A Synthetic Ensemble of Global Ocean Chlorophyll Concentration

Geneviève Elsworth, NASA Goddard Space Flight Center, Global Modeling and Assimilation Office, Greenbelt, MD, United States, Nicole S Lovenduski, University of Colorado, Department of Atmospheric and Oceanic Sciences, Boulder, CO, United States, Karen A McKinnon, University of California Los Angeles, Departments of Statistics, Institute of the Environment and Sustainability, Los Angeles, CA, United States and Riley Xavier Brady, University of Colorado at Boulder, Department of Atmospheric and Oceanic Sciences, Boulder, CO, United States
Abstract:
Ocean primary production constitutes approximately half of global biospheric production, affecting both fisheries productivity and biogeochemical cycling.
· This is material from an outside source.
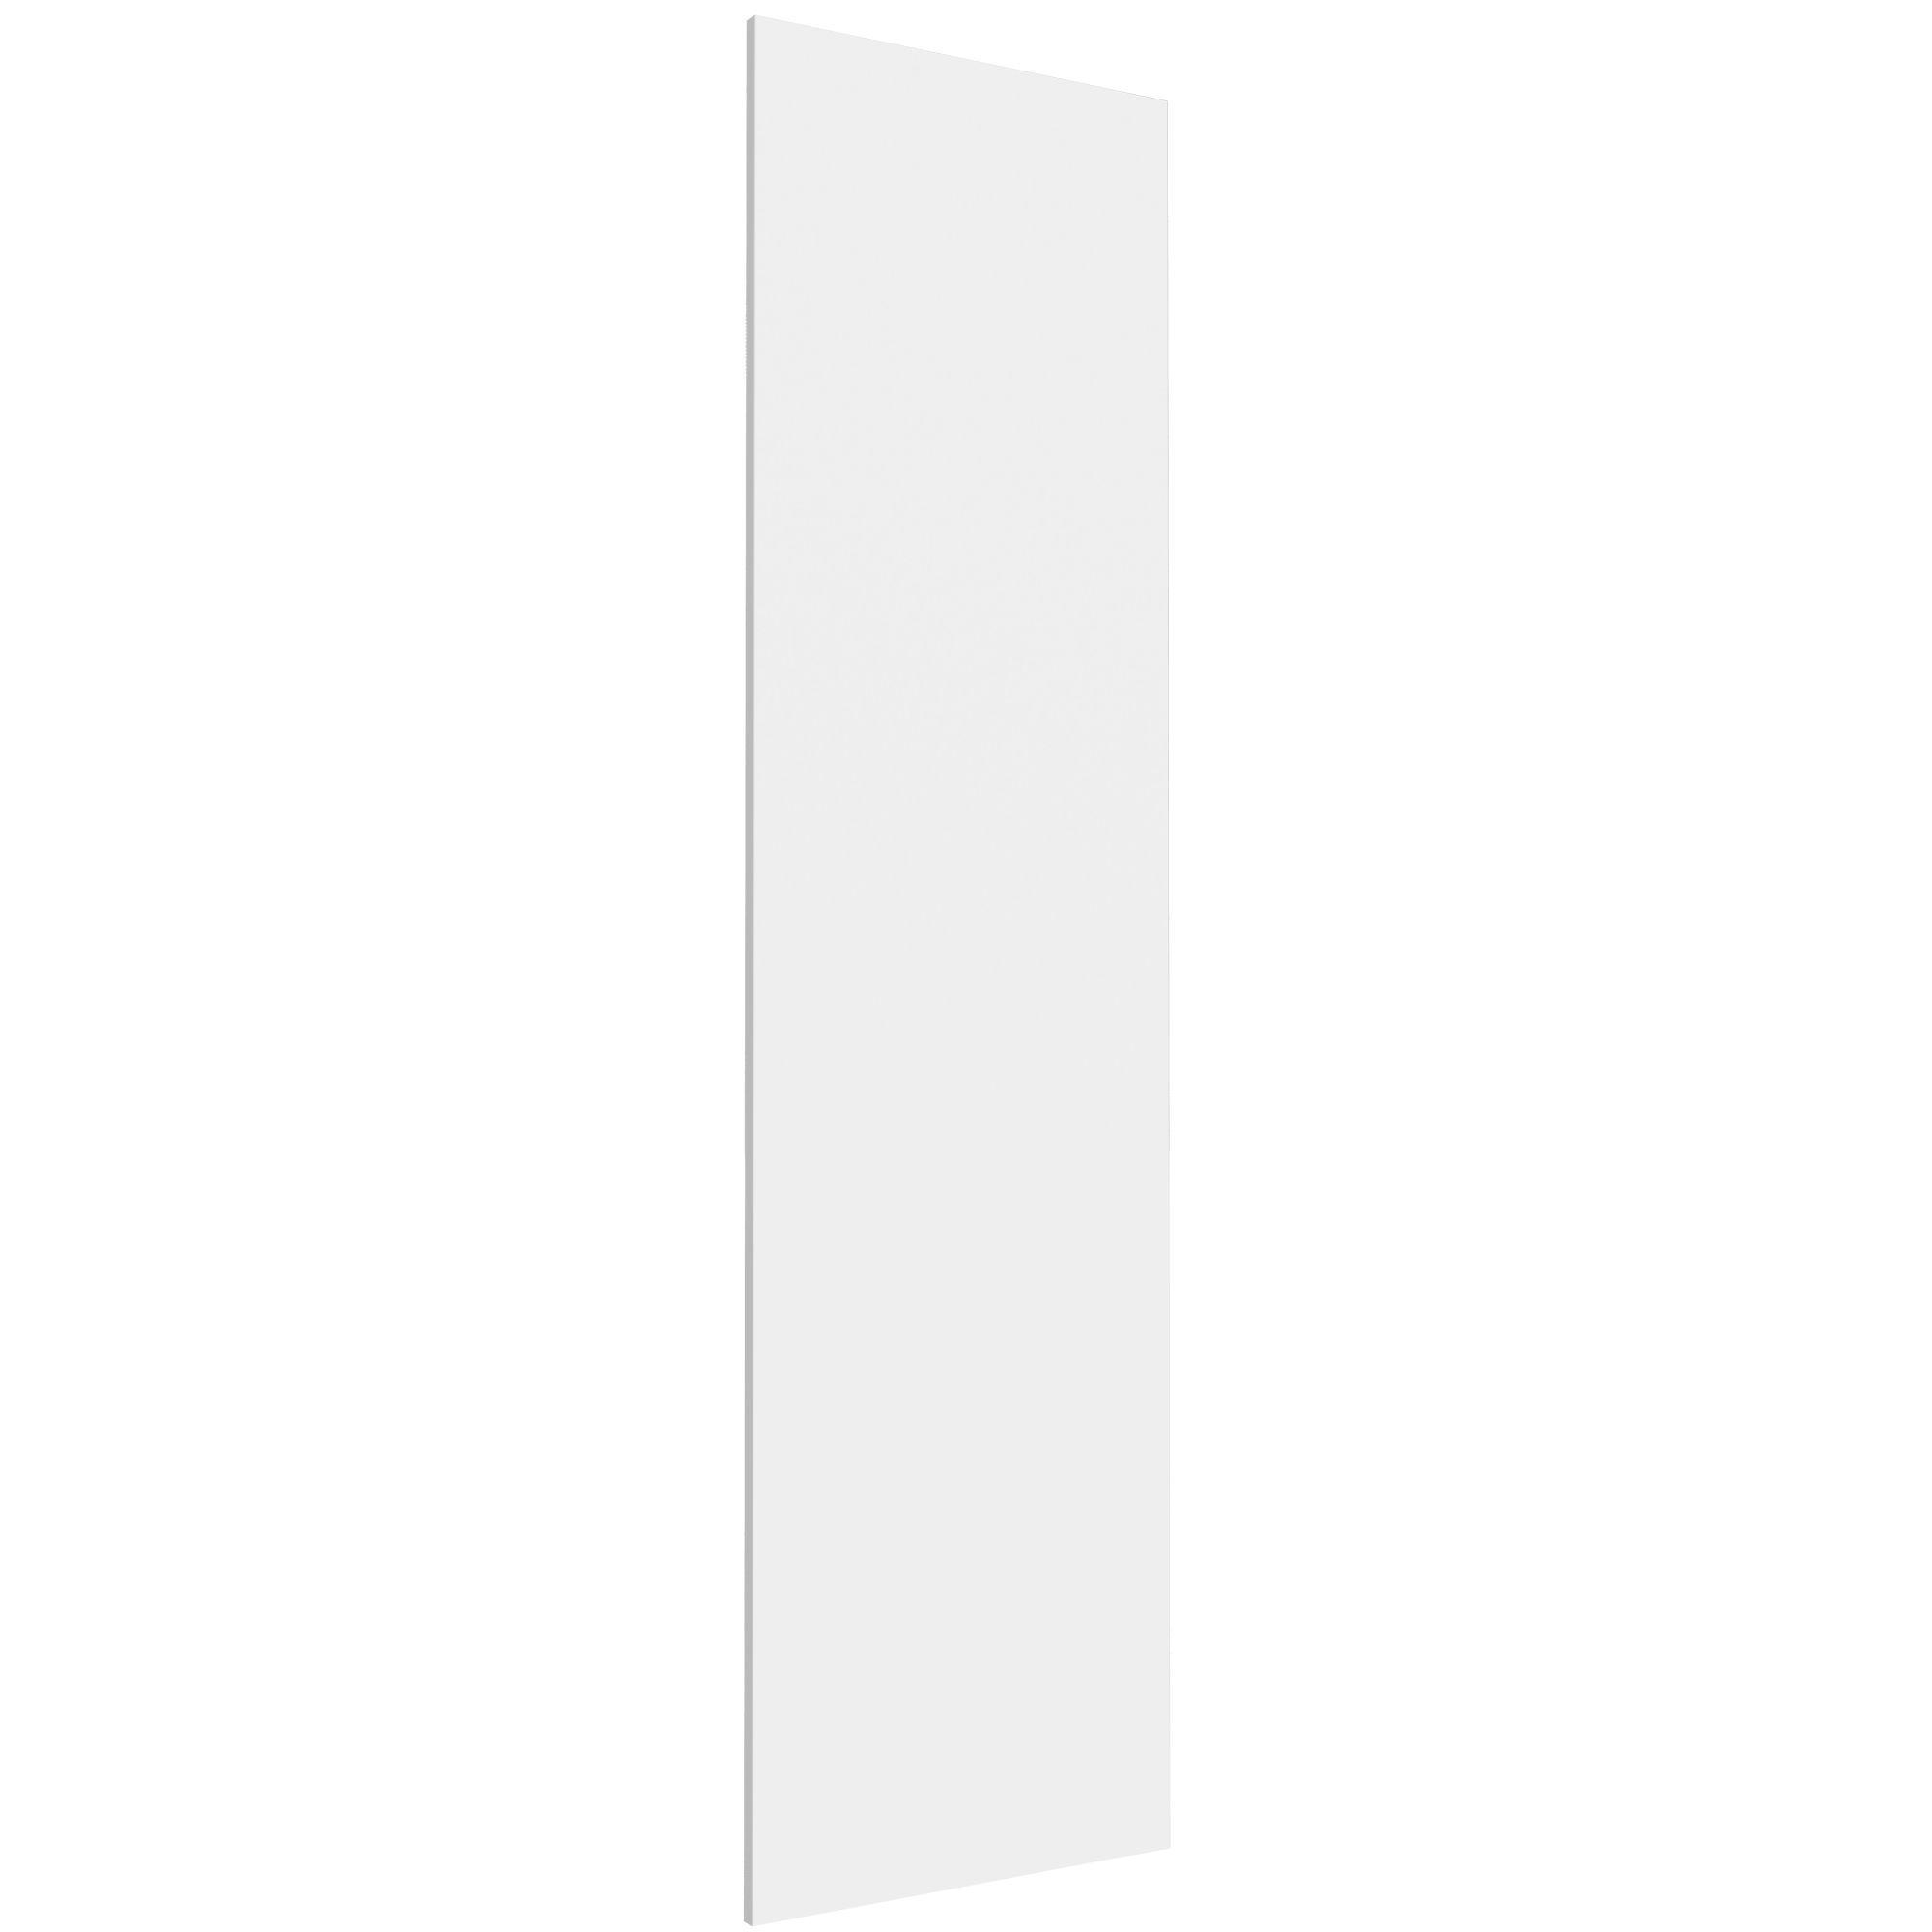 Form Darwin Modular Matt white Wardrobe door (H)1936mm (W)497mm

Although climate change is predicted to affect the ocean’s biological productivity, the extent of the global impact is poorly quantified. Assessing changes in the ocean biosphere using remote sensing data is challenged by the relatively short length of the observational record, restricting our ability to disentangle fluctuations in internal variability from forced anthropogenic trends. Additionally, the majority of ocean circulation models with embedded biogeochemistry do not skillfully predict observational records of ocean chlorophyll at ocean time series locations. To overcome these limitations, we have constructed a synthetic ensemble of global ocean chlorophyll concentration. By employing statistical resampling methods to the SeaWiFS and MODIS ocean color datasets and creating surrogate climate modes of ENSO and PDO, we quantify the range of internal climate variability in the 20 year observational record and create multiple alternate realities for the possible evolution of the ocean biosphere over time. Our synthetic ensemble can be used for a variety of purposes, including diagnosing patterns of internal variability and emergence of anthropogenic trends in observed chlorophyll, and validating Earth system model representation of such variability.